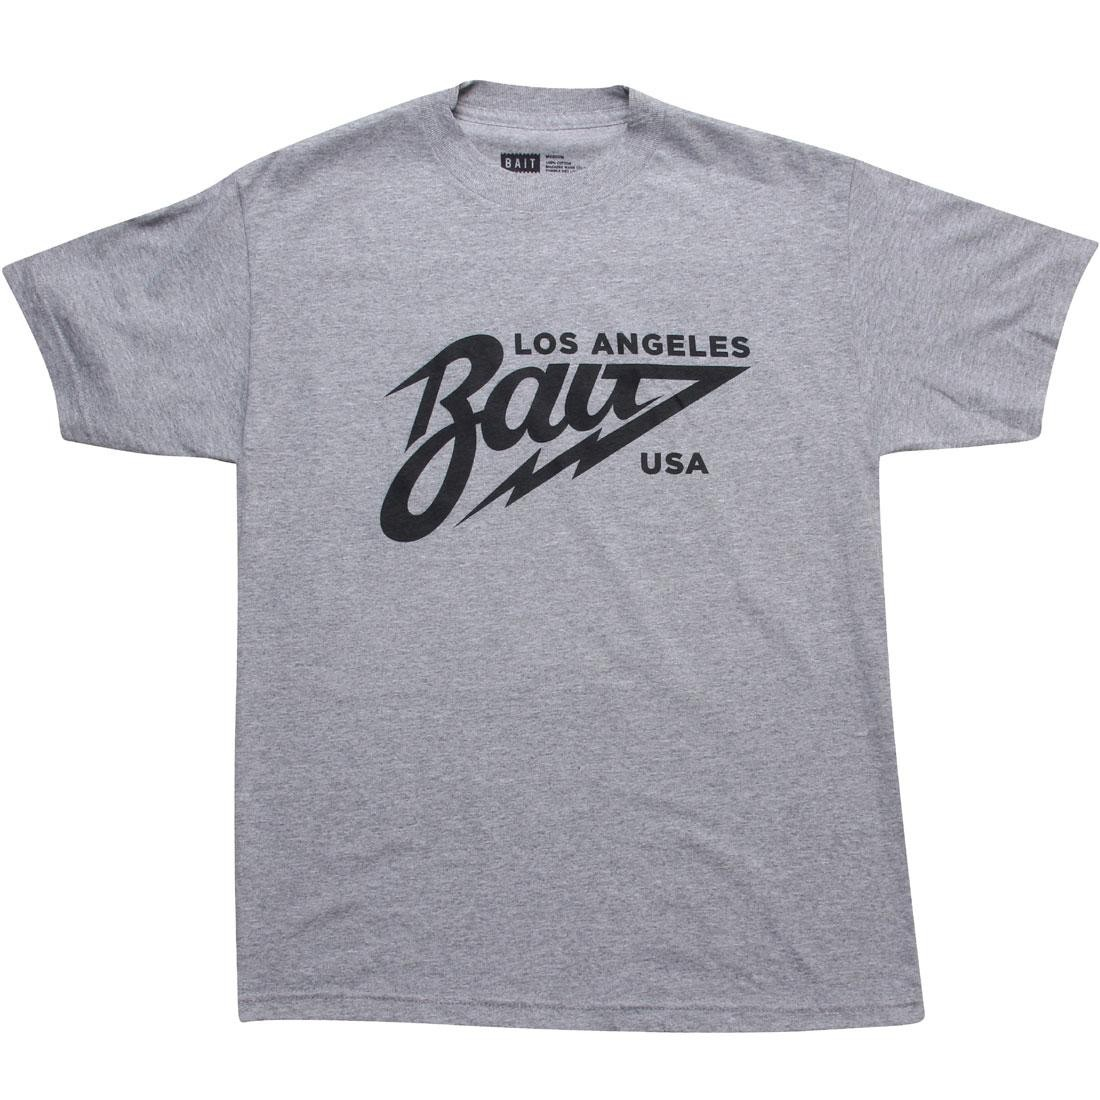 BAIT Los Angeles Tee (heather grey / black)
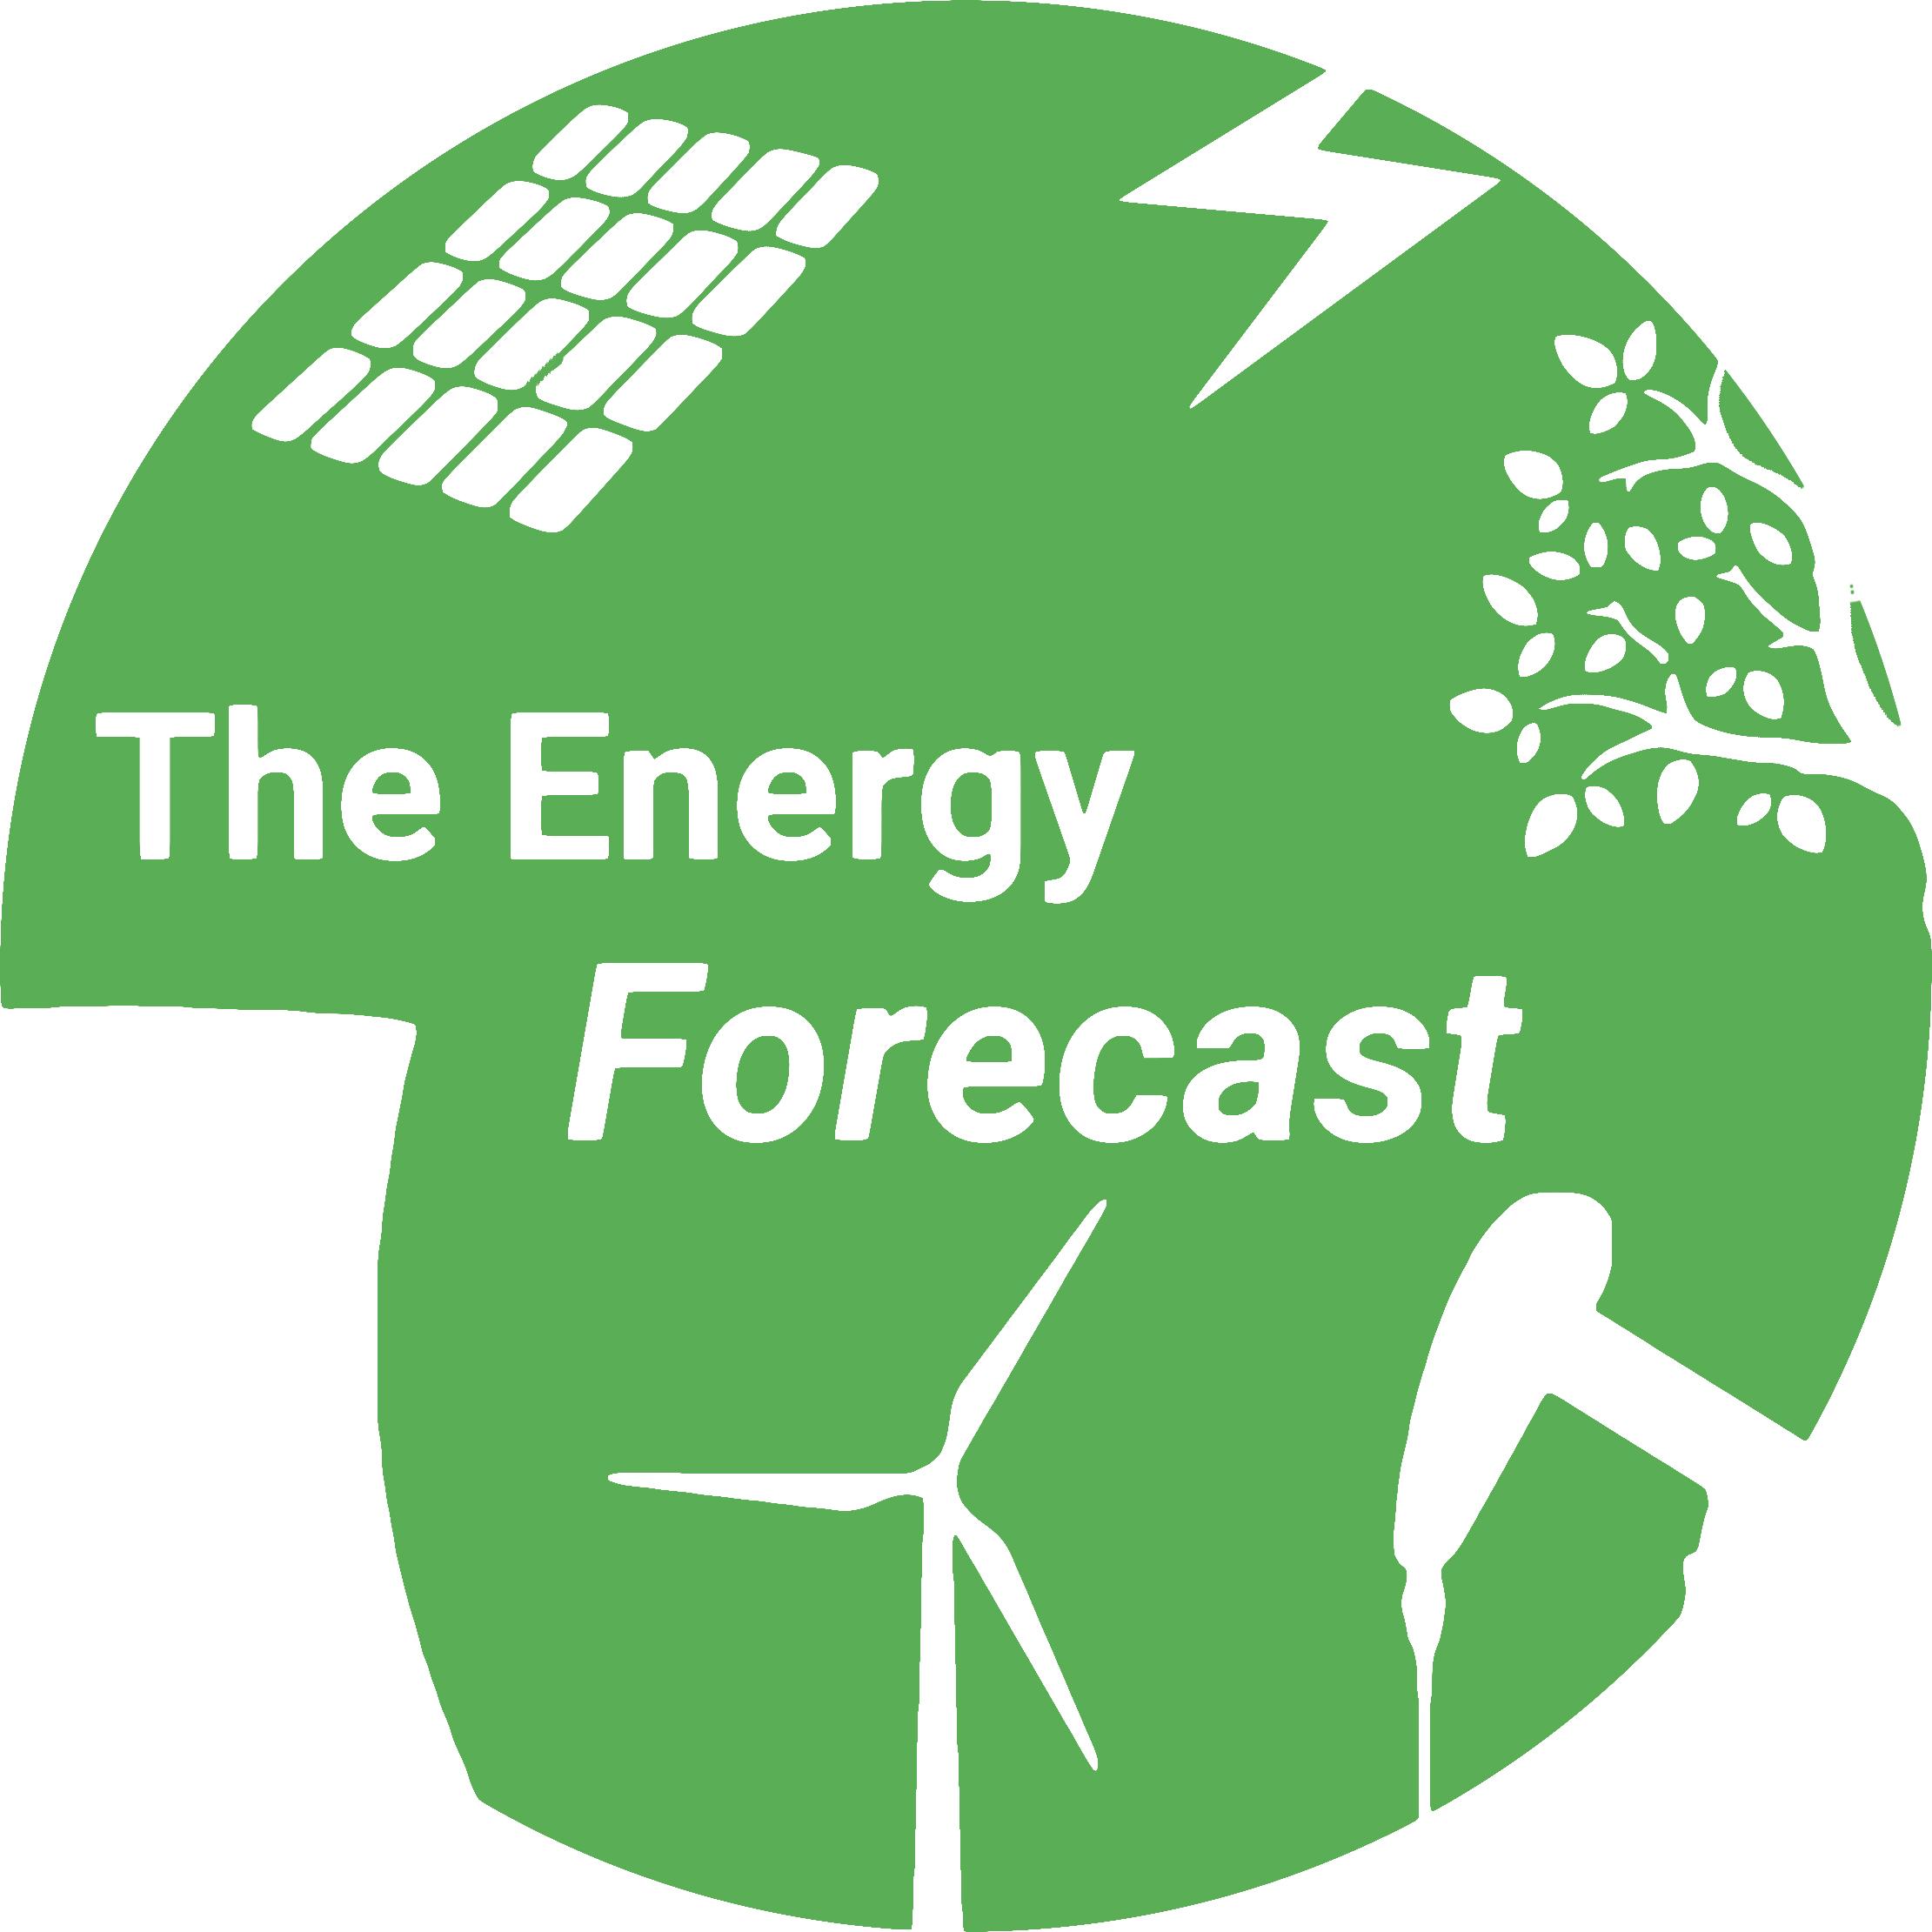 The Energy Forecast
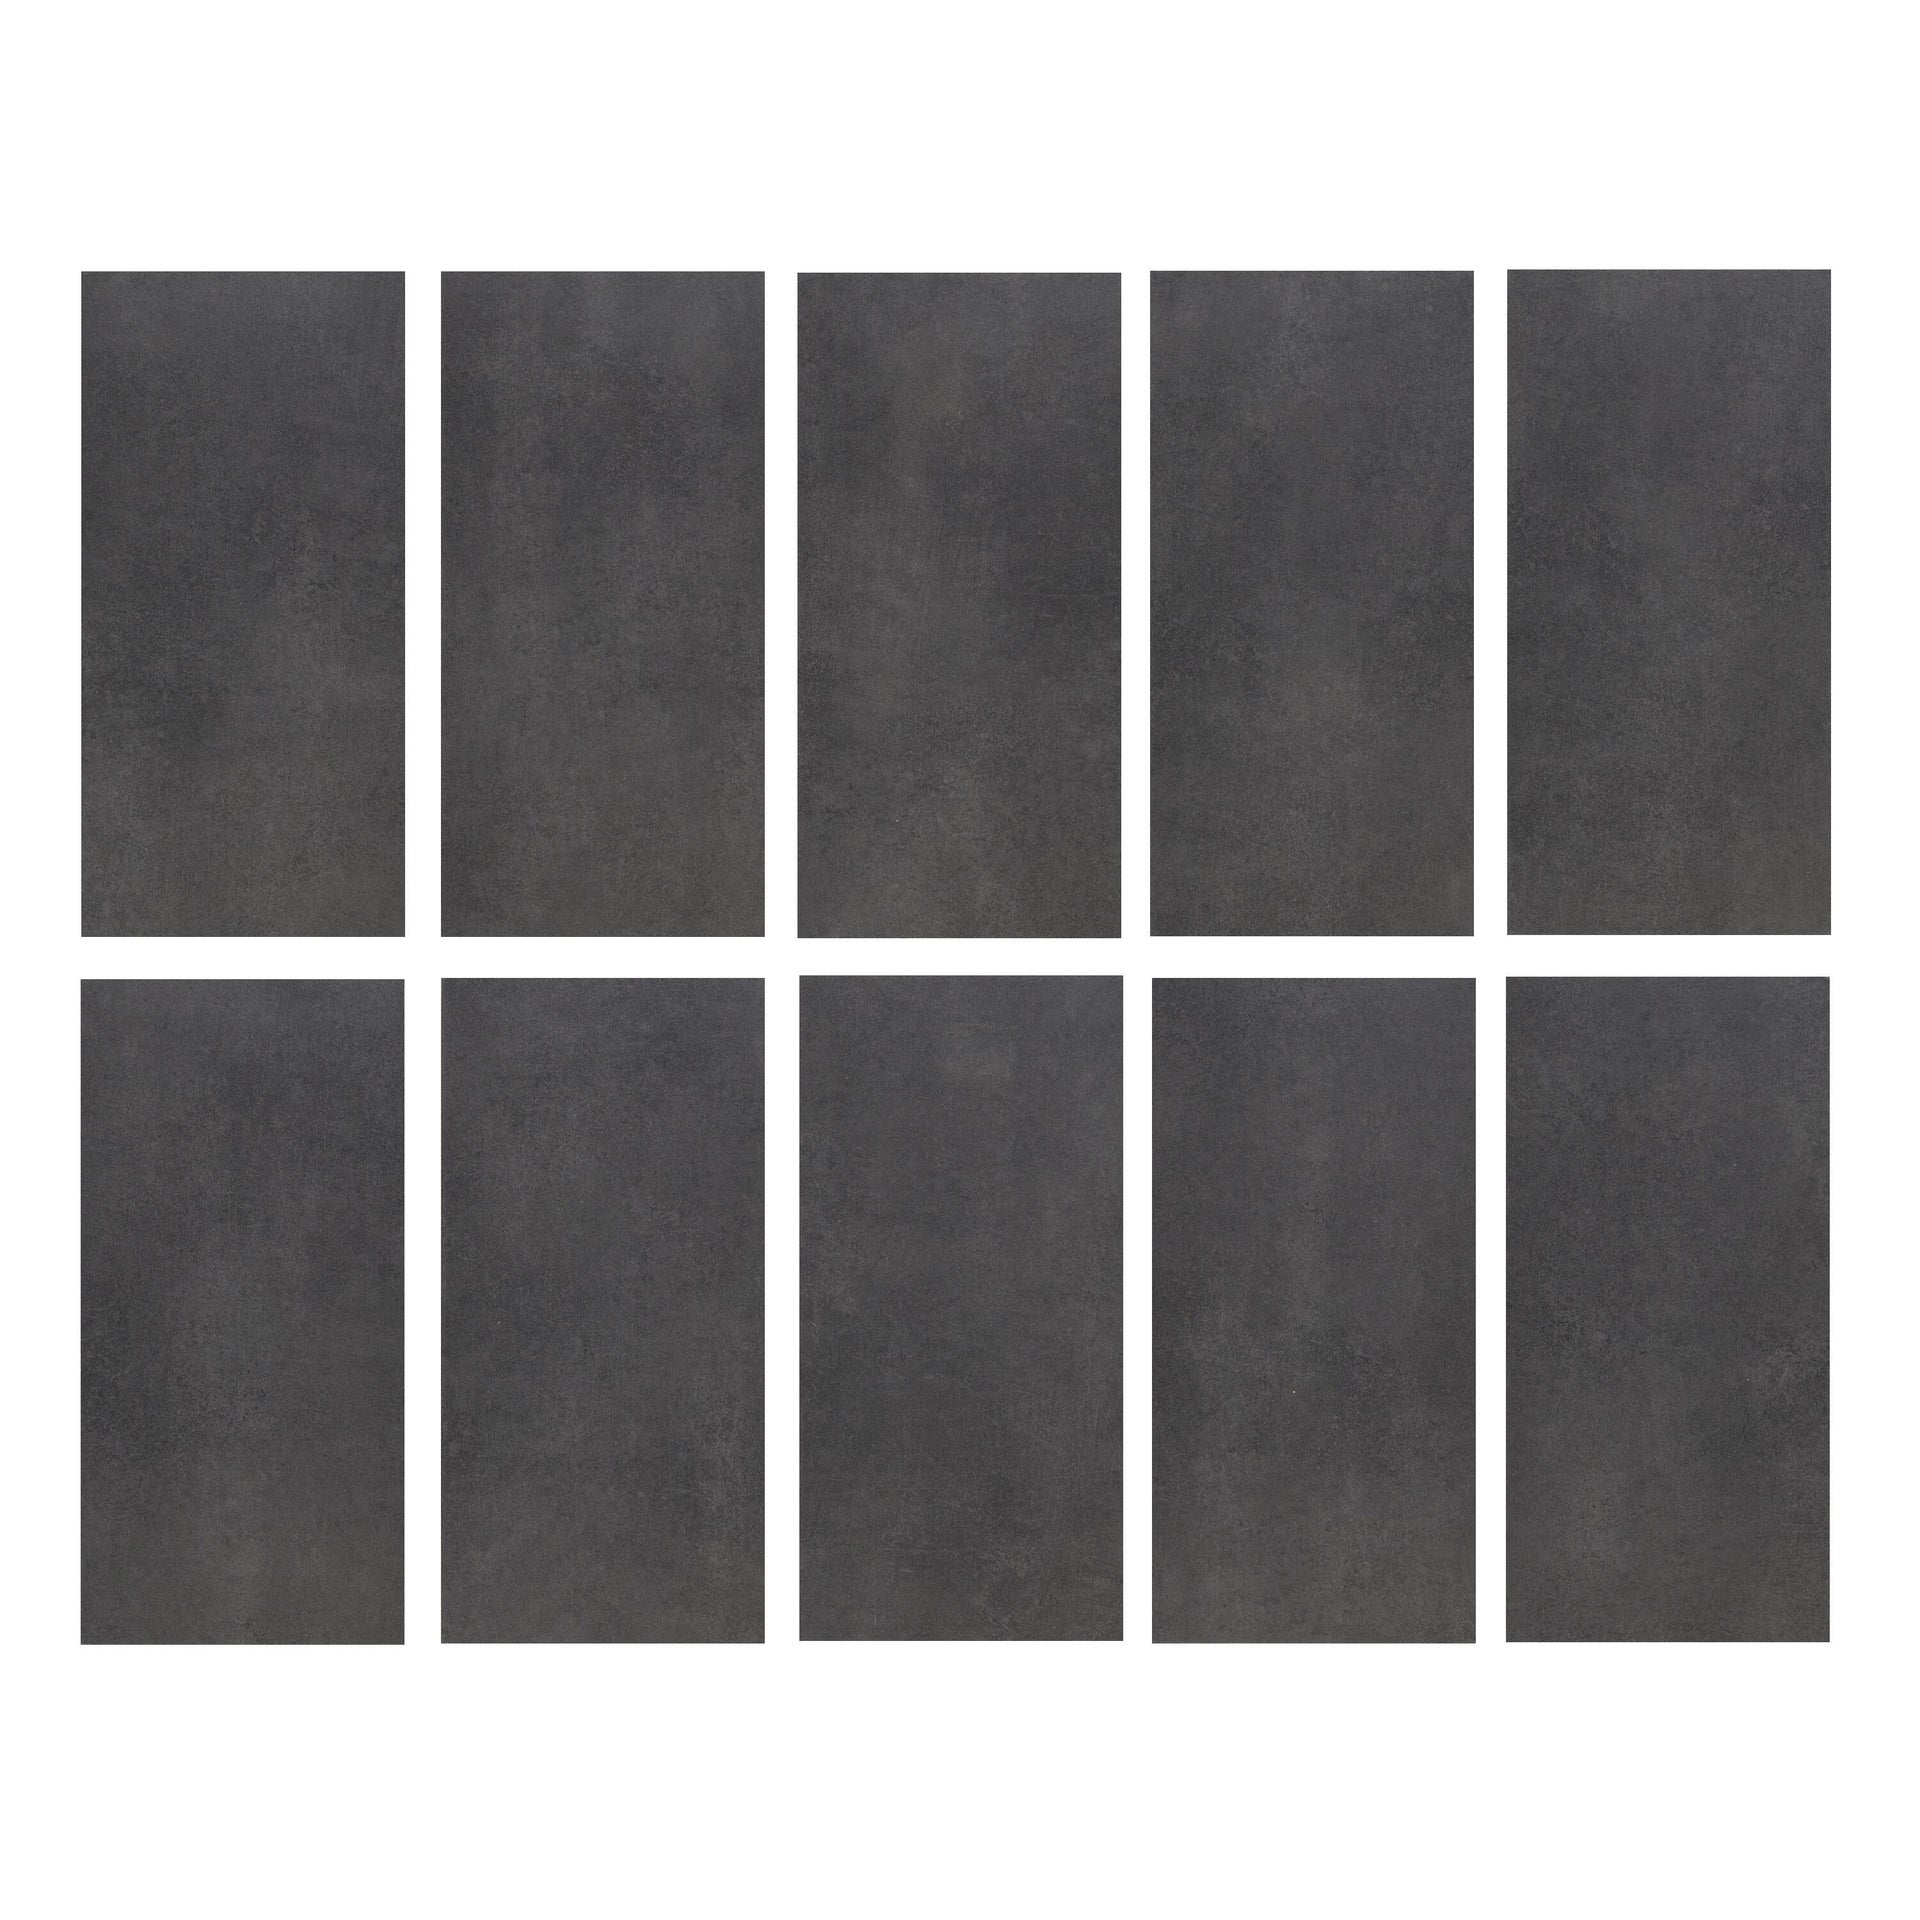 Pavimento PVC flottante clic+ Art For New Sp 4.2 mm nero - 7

EXERCISE DETAILS: Print the material precisely as given, dropping any images it holds.

WRITTEN RESPONSE:
 BAIT Los Angeles Tee (heather grey / black)
 The Energy Forecast
 Pavimento PVC flottante clic+ Art For New Sp 4.2 mm nero - 7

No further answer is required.